Your in a pub, near to a big rough looking and argumentative person...

do not engage in conversation, just get out of there fast.

strawdog's picture

That was my first reaction too.  Unfortunately, the story is too concerned with using words such as 'yob', 'jobless', and 'benefits' to be of much use in putting the assault in some sort of context.  So maybe the victim played a part in his own downfall, and subsequent flattening.

strawdog's picture

Thanks Tau, I'll look up the techniques that you mentioned.  To be honest, I've no idea what they are!

I share your contempt for this 'newspaper', believe me.

strawdog's picture

Thanks for your comment.  I'm not sure what 'yob' equates to in US English, maybe 'jerk' or 'a---hole'?
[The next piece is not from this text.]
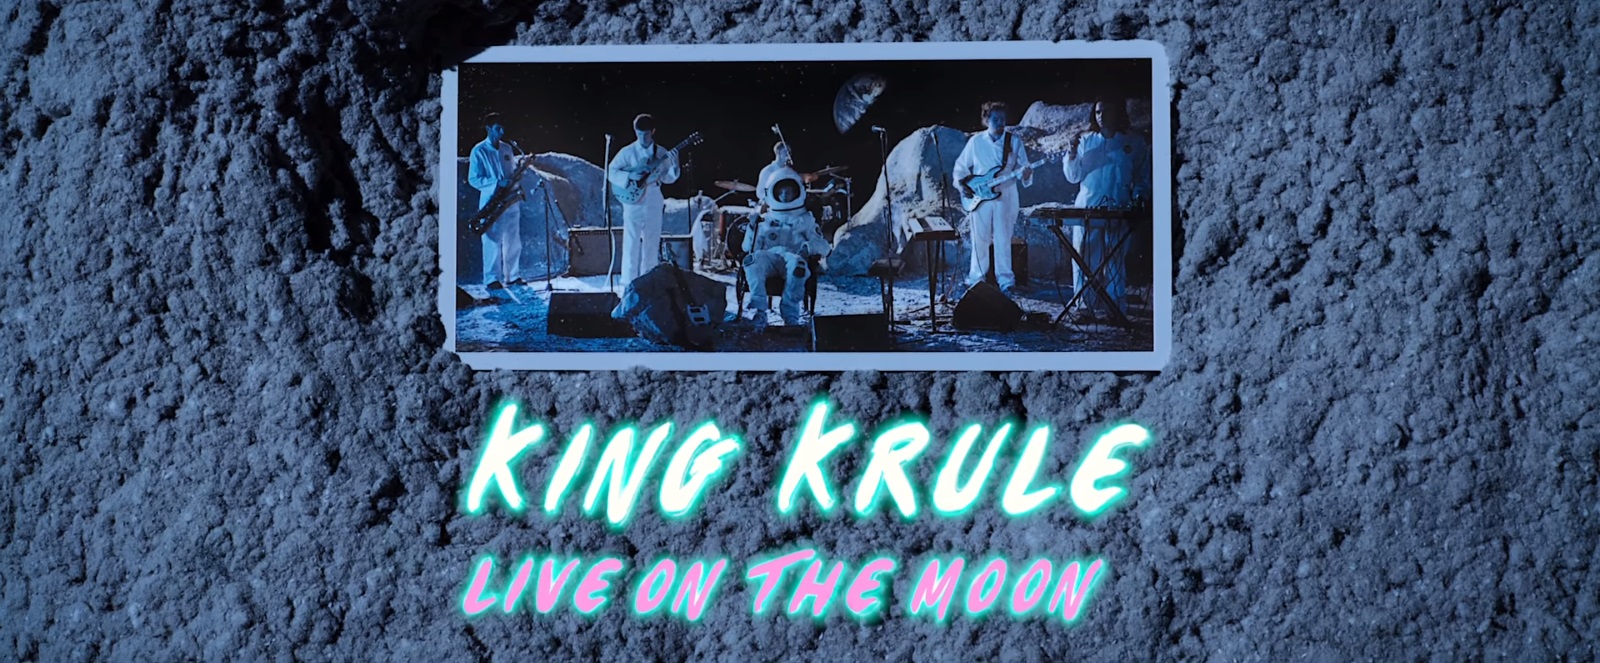 King Krule - Live on the Moon

 It's interesting to learn about the situtations people get themselves into, I'd like to think that if avoidance/de-escalation did not work, then stand-up grappling would be the next best option in this context.  Like you, I'm sure I'd be able to escape if I were pinned down by such a heavy guy.

Mr P
Mr P's picture

 Have been pinned down a couple of times in the dojo. At the risk of sounding like a complete animal I have always noticed that the best fight back seemed to be a good bite to a vulnerable area rather like Spartacus in the classic movie of the same name! Have to add that on these occasions I haven't followed through on the idea but suggested it.

dave34's picture

Hello all. I have been reading the responses to this article with interest, but I am surprised that none of you have discussed what seems to me to be an important point. Let's leave aside the issues of who is to blame for the violence and how de-escalation/avoidance could have been used (assuming that either party wished to do so) for the moment. Once things began, the bigger guy struck the smaller guy's head against a solid object several times, before depriving him of oxygen and then placing him in a situation where the speed, strength etc. he may have had while upright were negated.

Now, in my opinion, the blows to the head decided everything. I am a halfway competent grappler as I am sure many of you are, but there is a big difference between dojo grappling and fighting a vicious and unrestrained larger opponent while suffering concussion. These are serious, incapacitating and potentially lethal attacks, and the kind of impairment they would cause to the recipient in terms of ability to think, act or even function cannot be over-estimated.

Looking forward to hearing your responses. Regards, David.